> [ACTIVITY] Copy out the listing below exactly, please, and skip any pictures.

> [DATA SHOWN]
--- START ---
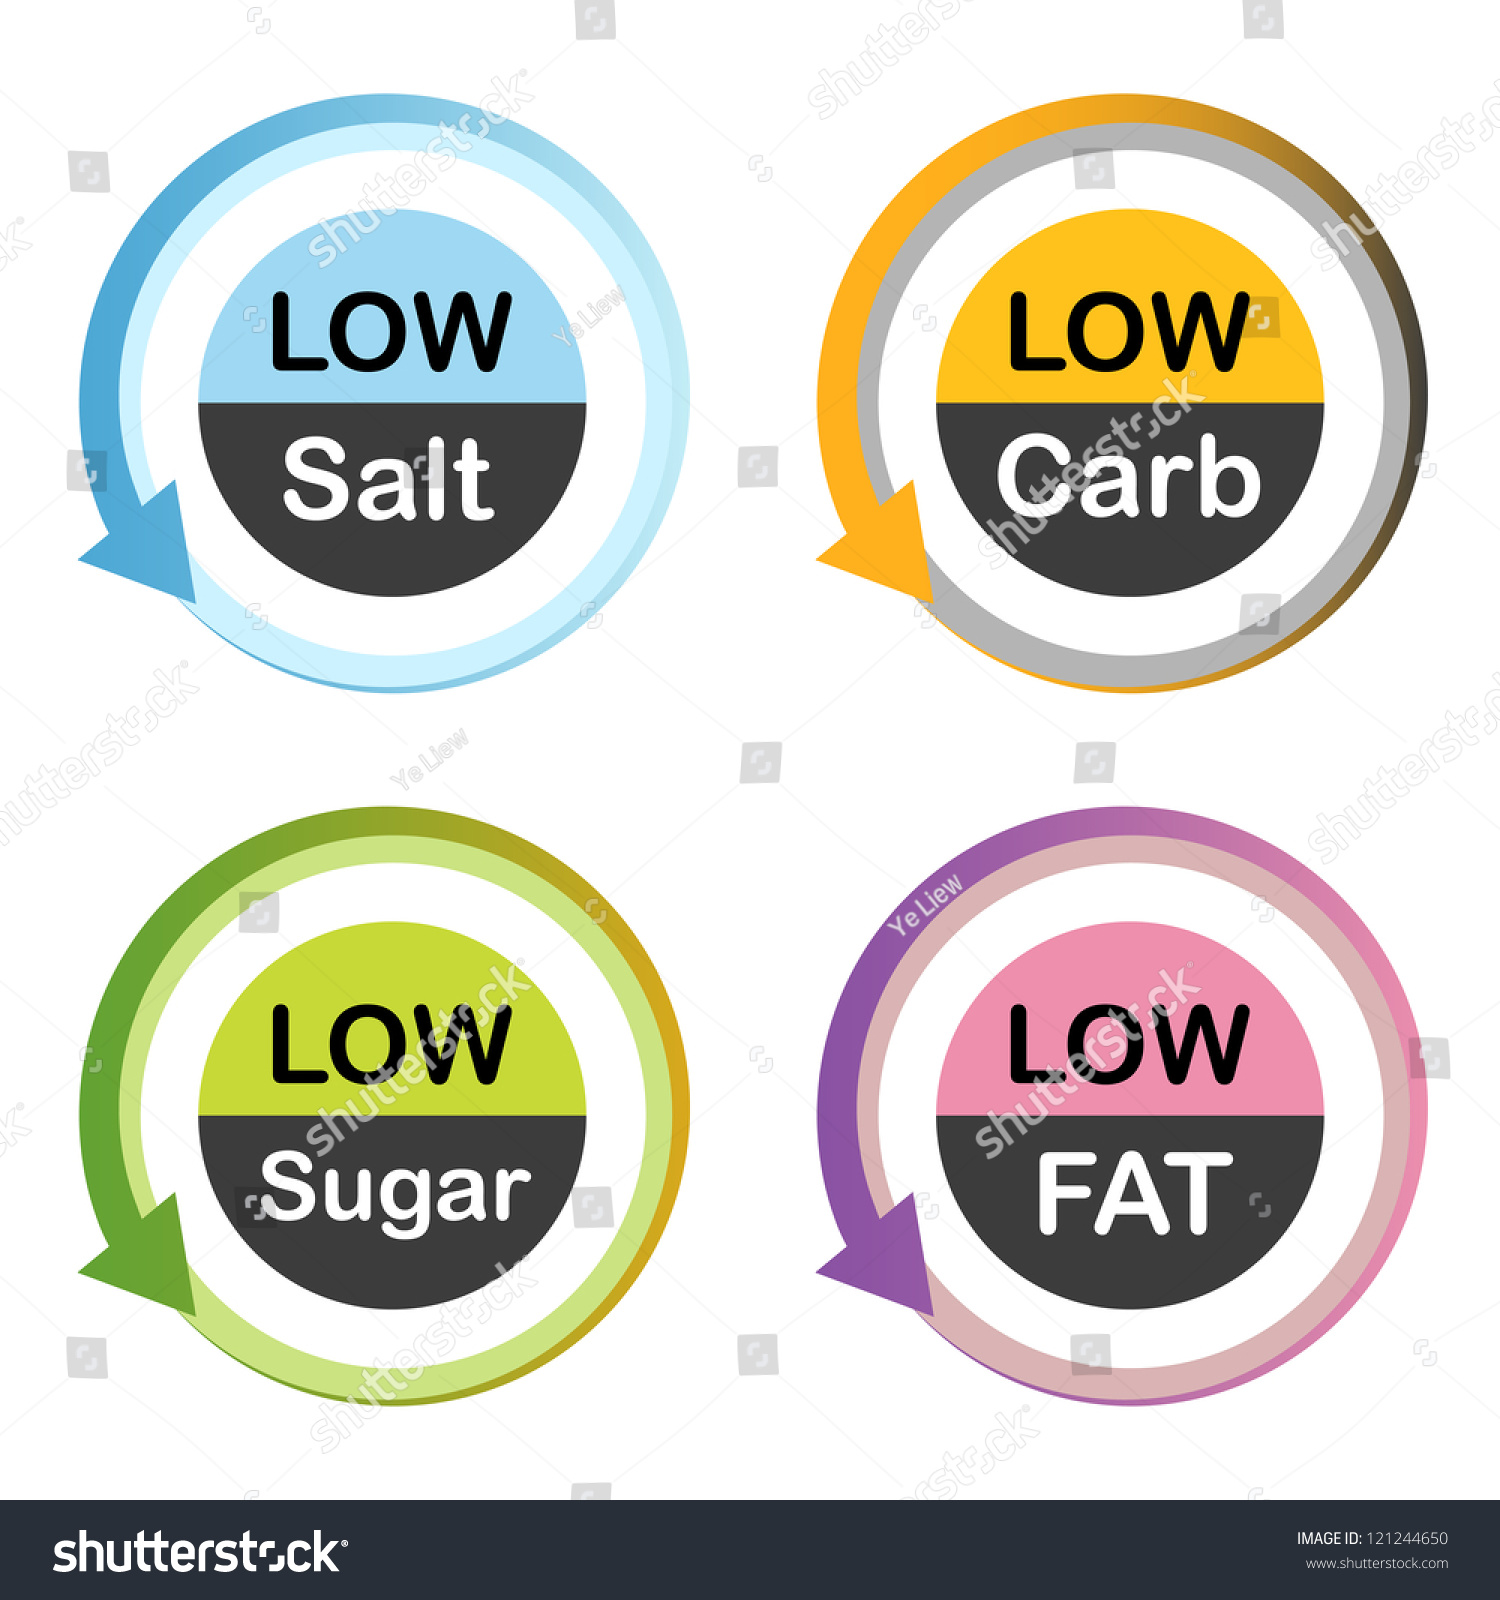 Low Carb Low Sugar Low Fat 28
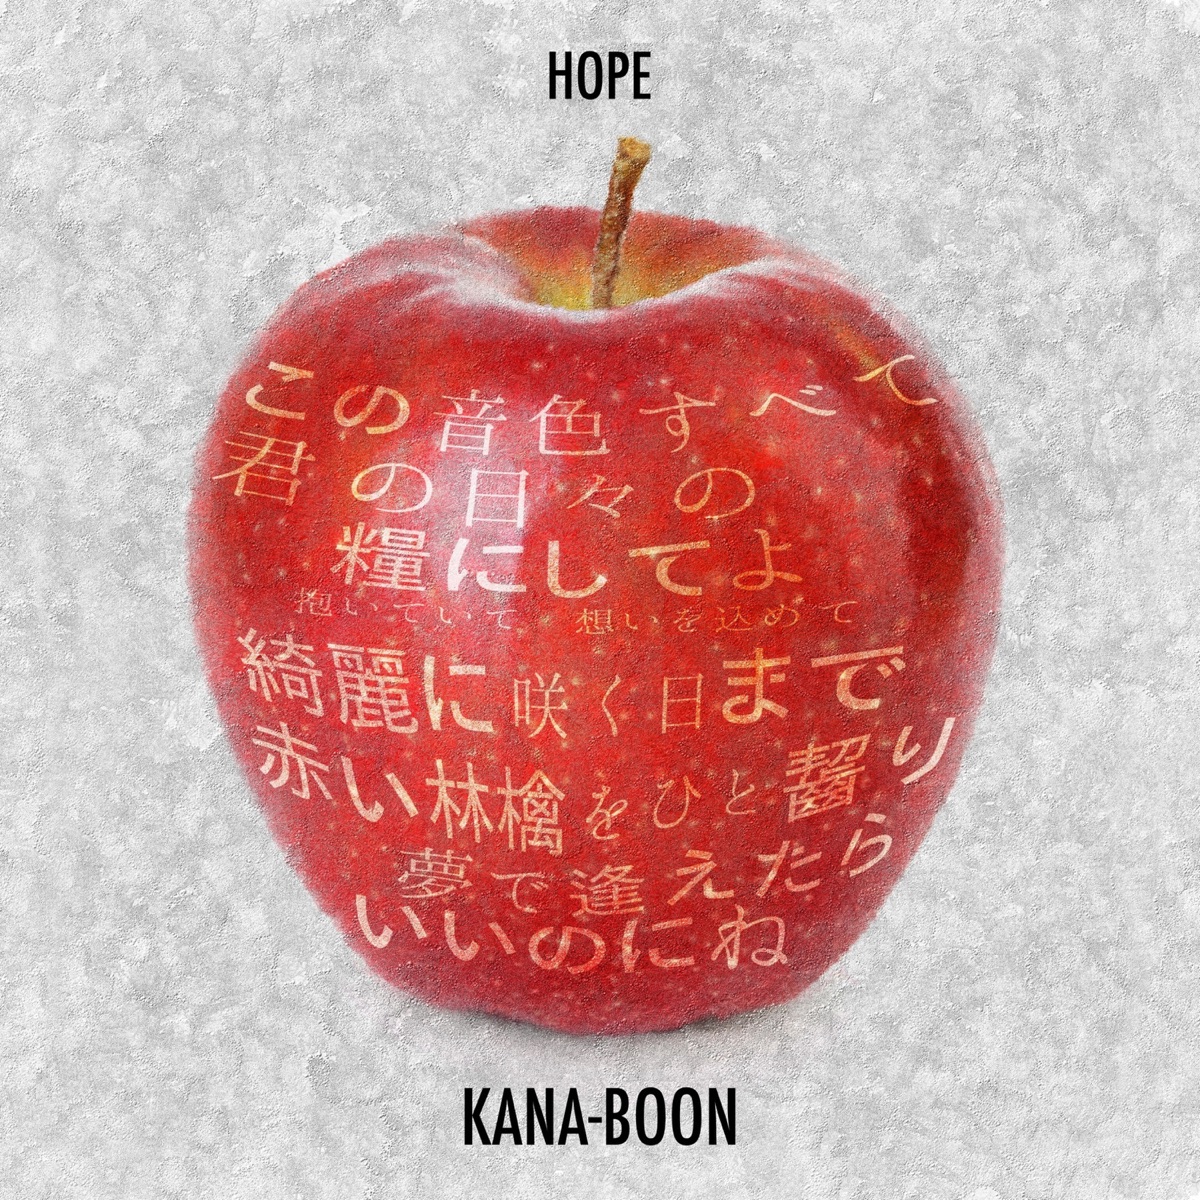 『KANA-BOON - HOPE 歌詞』収録の『HOPE』ジャケット
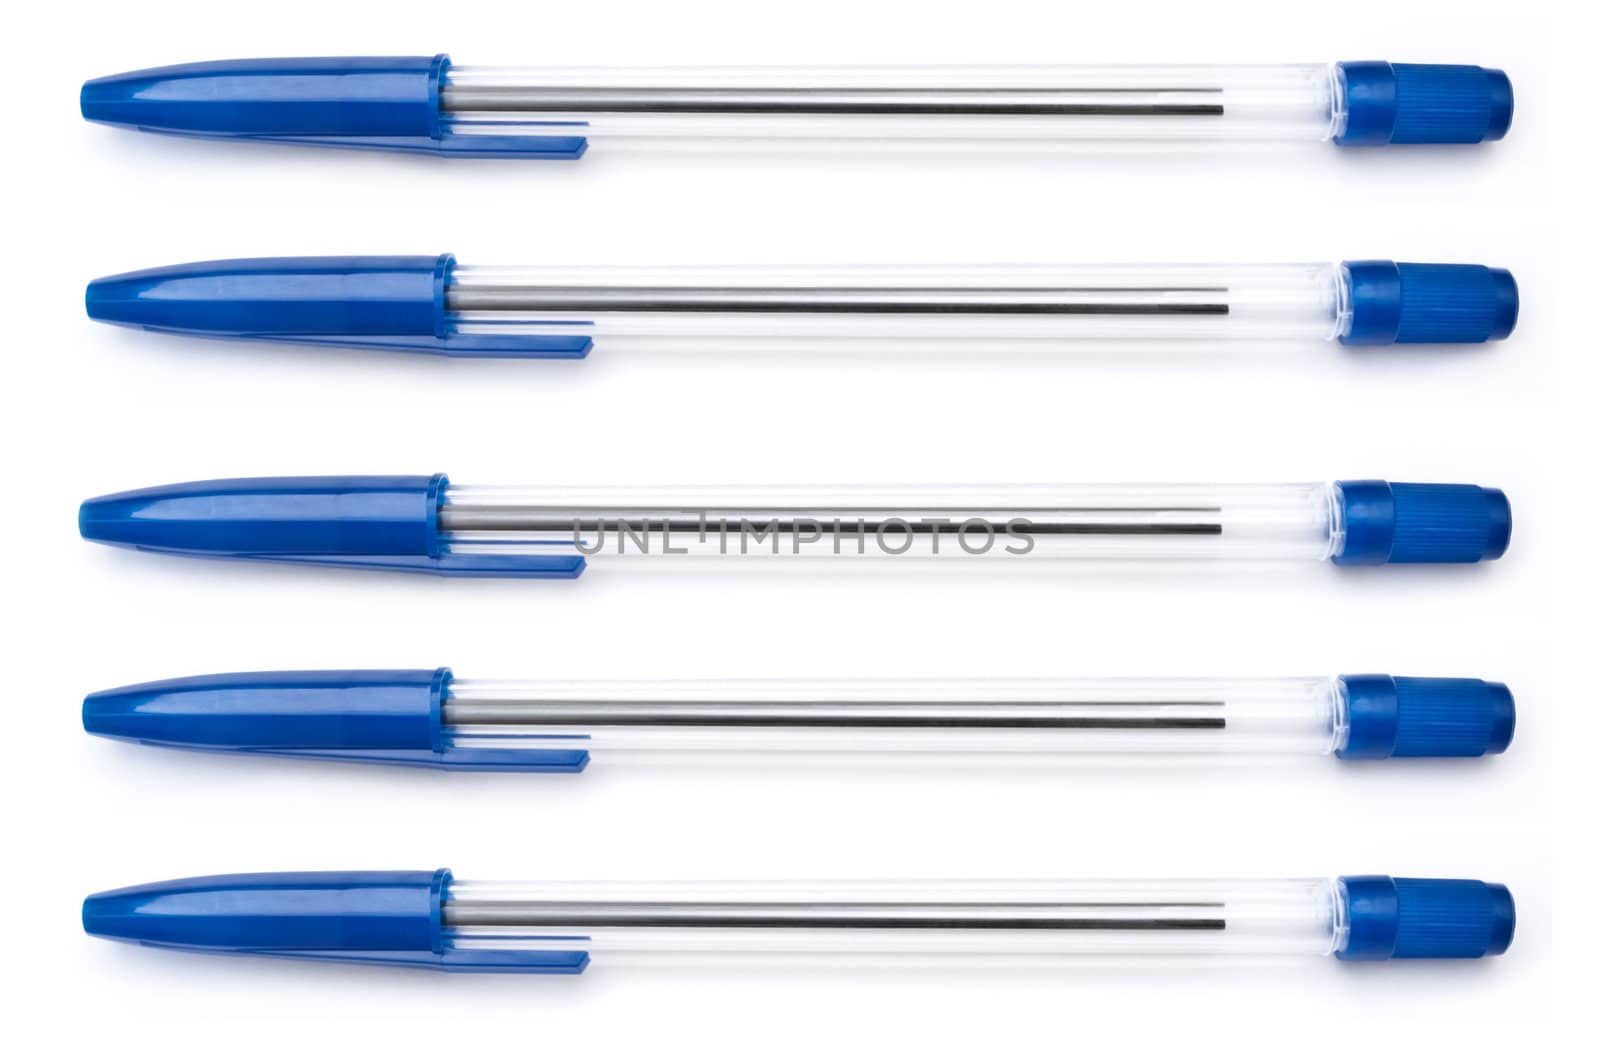 Five blue writing pens arranged horizontally over white
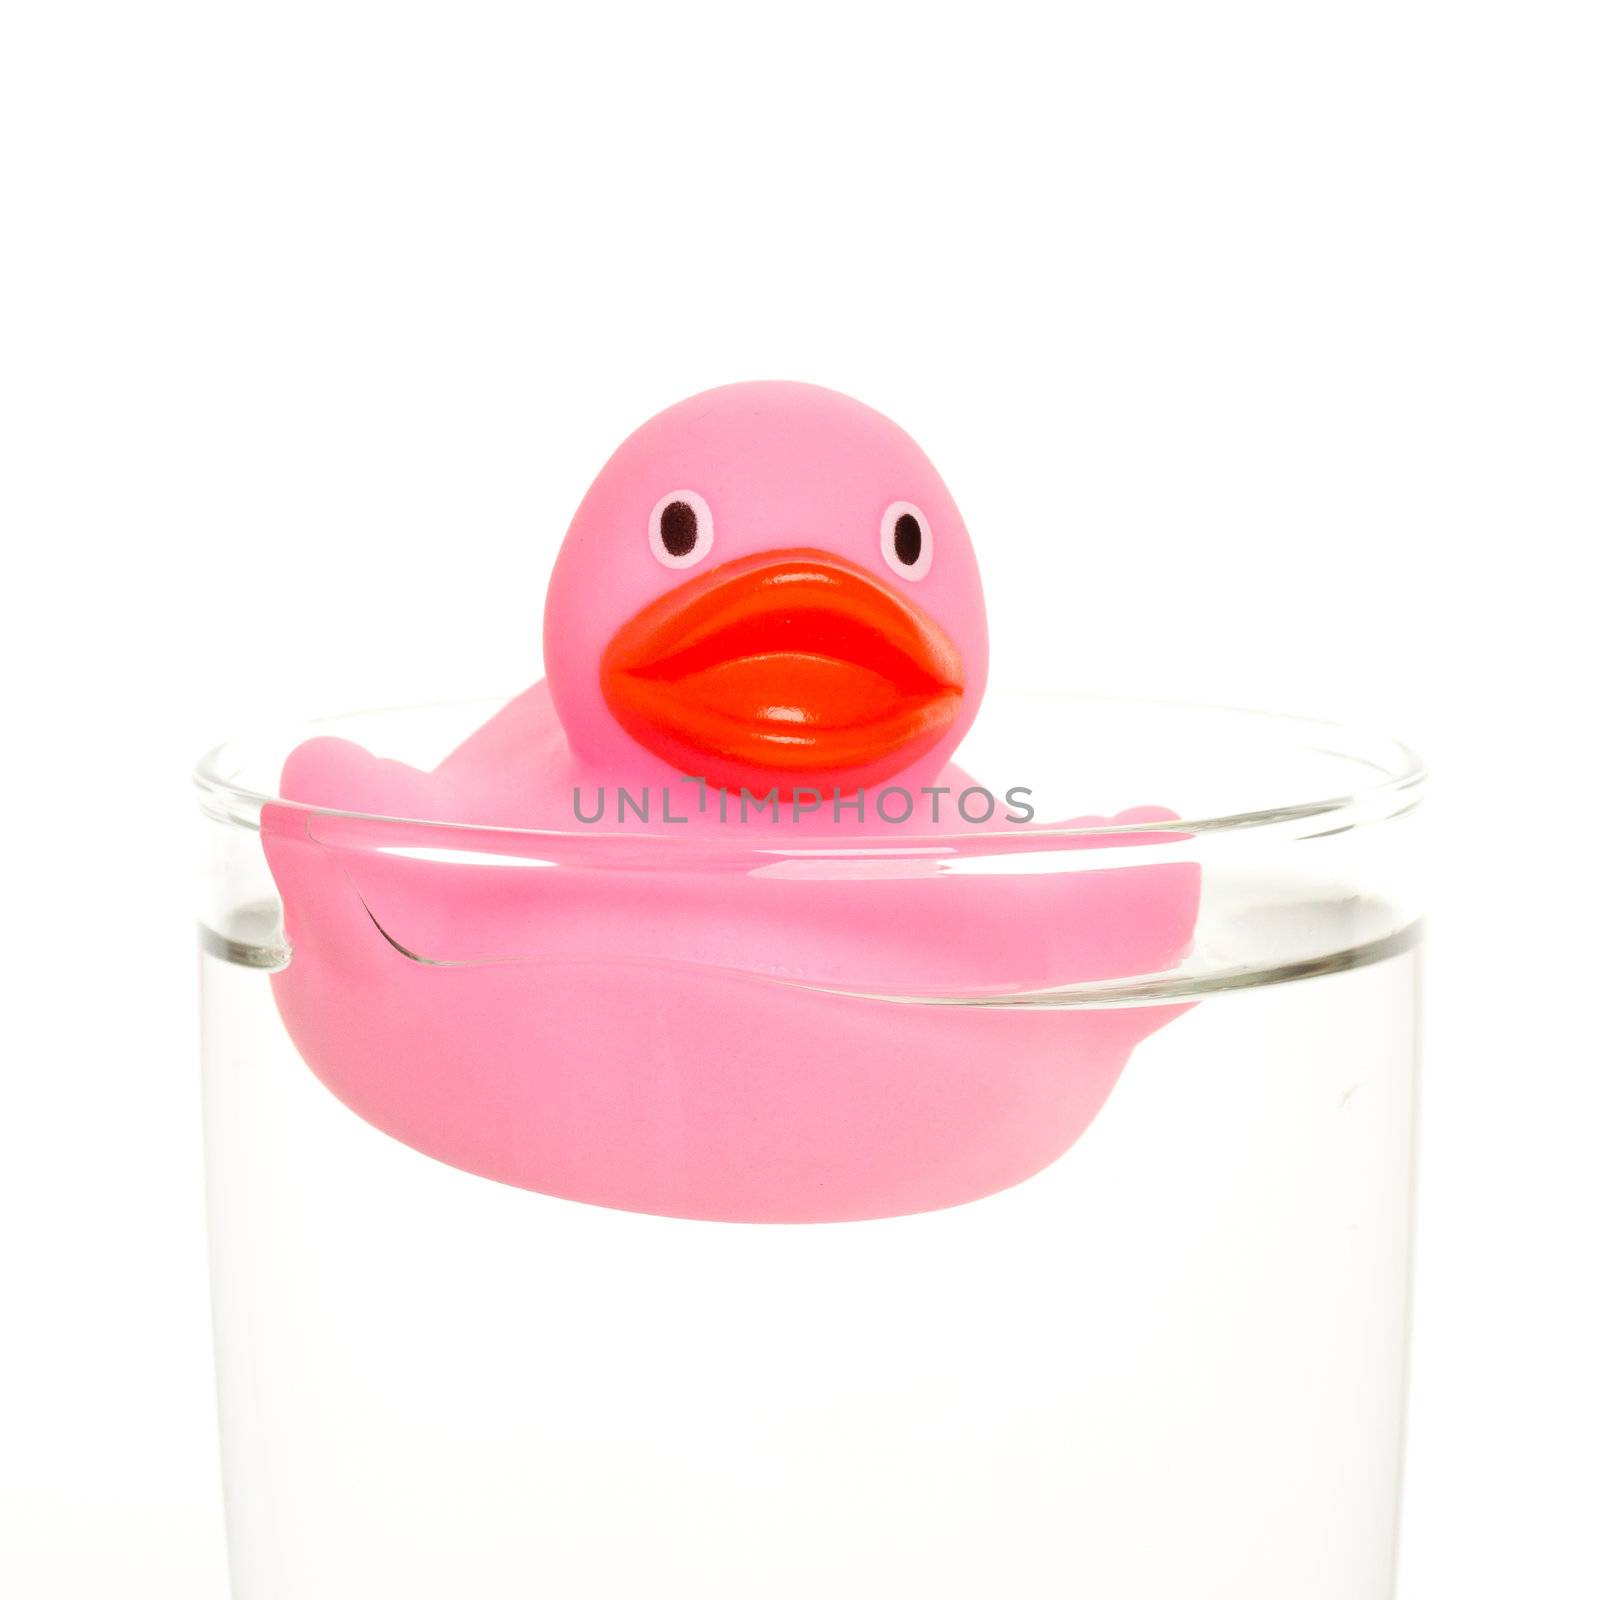 Pink duck by michaklootwijk
--- END ---
> [WRITTEN RESPONSE]
 Low Carb Low Sugar Low Fat 28
 『KANA-BOON - HOPE 歌詞』収録の『HOPE』ジャケット
 Five blue writing pens arranged horizontally over white
 Pink duck by michaklootwijk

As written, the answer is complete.